During our interview, Raviraj showed us a soon-to-be released video of Project TRY, including interviews with some proud parents, all giving glowing testimonies of how their lives have now changed for the better.

“These were the same people who doubted us in the beginning,” he said, beaming with pride.

“Now that they’ve seen we’re actually helping their children, they even come to help out around the school – fixing things and keeping it a conducive space for their kids to learn.”

Having resolved one issue, Raviraj turned his attention to another one – financing.

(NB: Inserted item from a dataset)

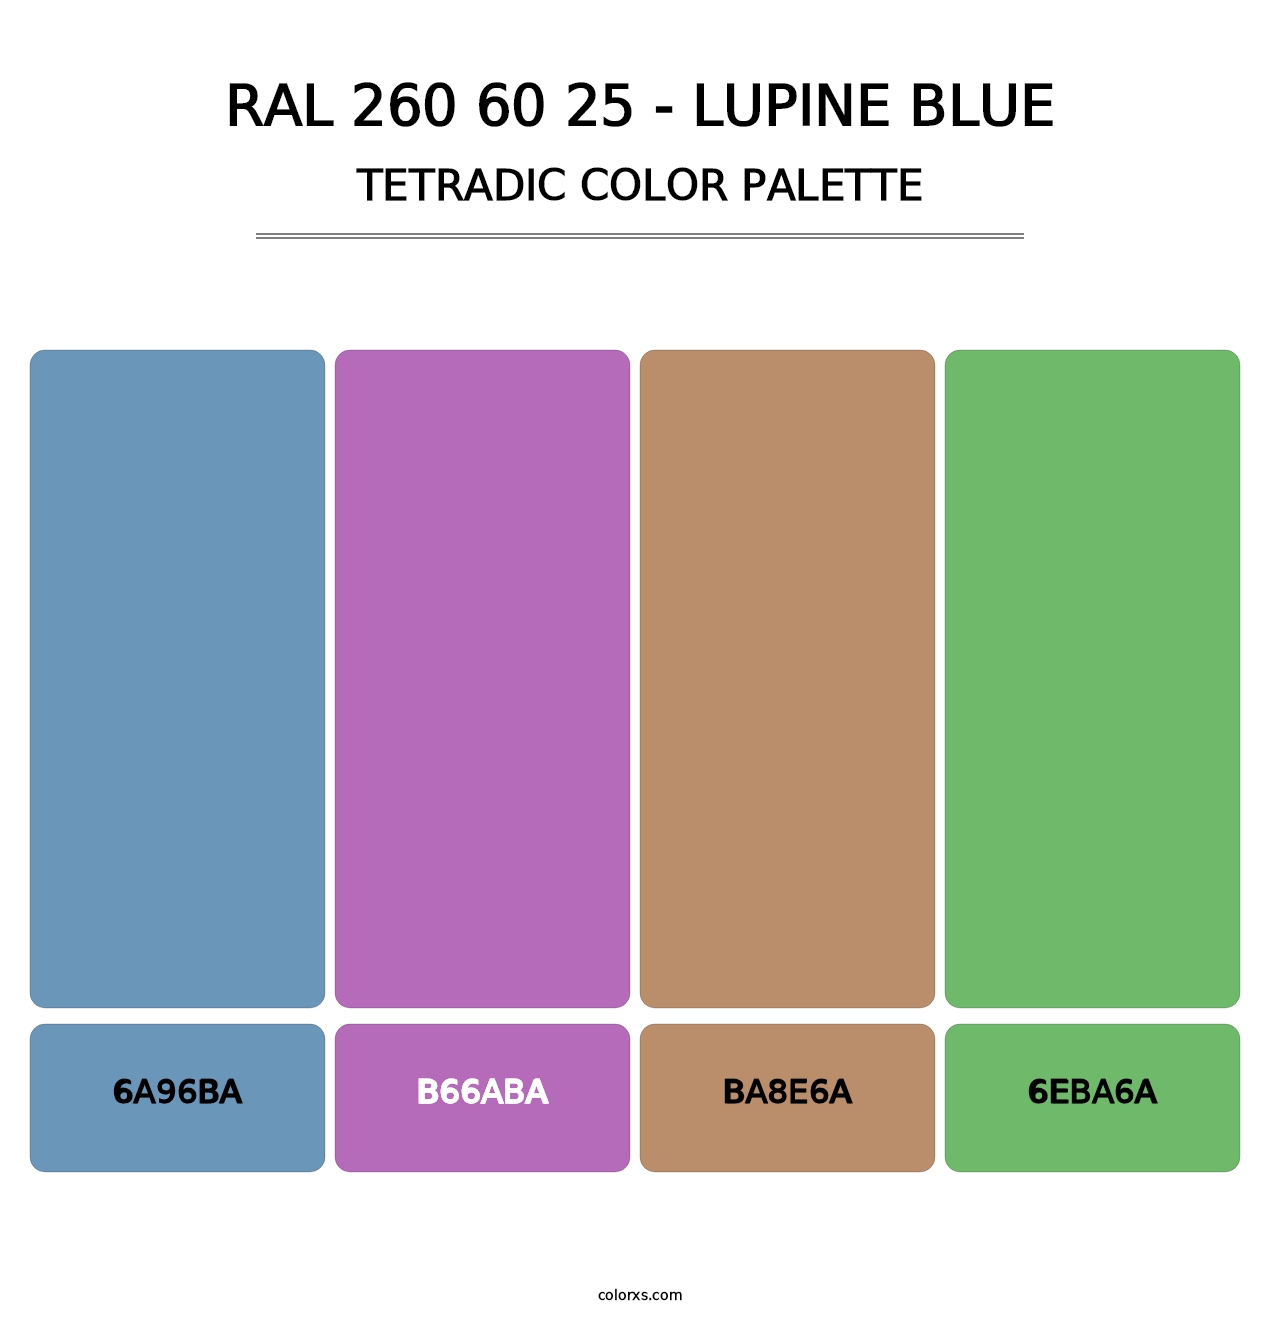 RAL 260 60 25 - Lupine Blue - Tetradic Color Palette

By then, he’d been financing Project TRY out of his own pocket for a year, with the help of a couple of donations – one of them from his dad – and he needed a new, steady source of income.

To do that, he co-founded SKY International Academy which offers courses in hospitality skills and language – but for paying students..

Now, SKY International Academy has trained over 20 students, whose fees help subsidise the underprivileged students of Project TRY.

This perfect ecosystem helps Raviraj with his goal – to give underprivileged youths a chance for a brighter future – a goal that garnered Project TRY the iM4U Sukarelawan of the Year Award at last year’s iM4U Volunteerism Awards.

Despite the accolades (the project also won the MaGIC Amplify Award in 2014), Raviraj remains focused on the youth.

The idea for Project TRY sparked when Raviraj realised that there was no platform empowering the youth of Pulau Mabul to get tourism jobs in the resorts and dive centres dotting their island.

The idea for Project TRY sparked when Raviraj realised that there was no platform empowering the youth of Pulau Mabul to get tourism jobs in the resorts and dive centres dotting their island.

“I want to add value to my students’ lives,” he said.

“I have had students who are now successful dive masters, as well as F&B and housekeeping staff – all because they now speak English.

“We’ve helped create a bridge to the growing tourism industry, and now these kids have better options in life. Knowing my team and I helped them achieve this – it empowers me to want to create more opportunities for other at-risk youth out there.”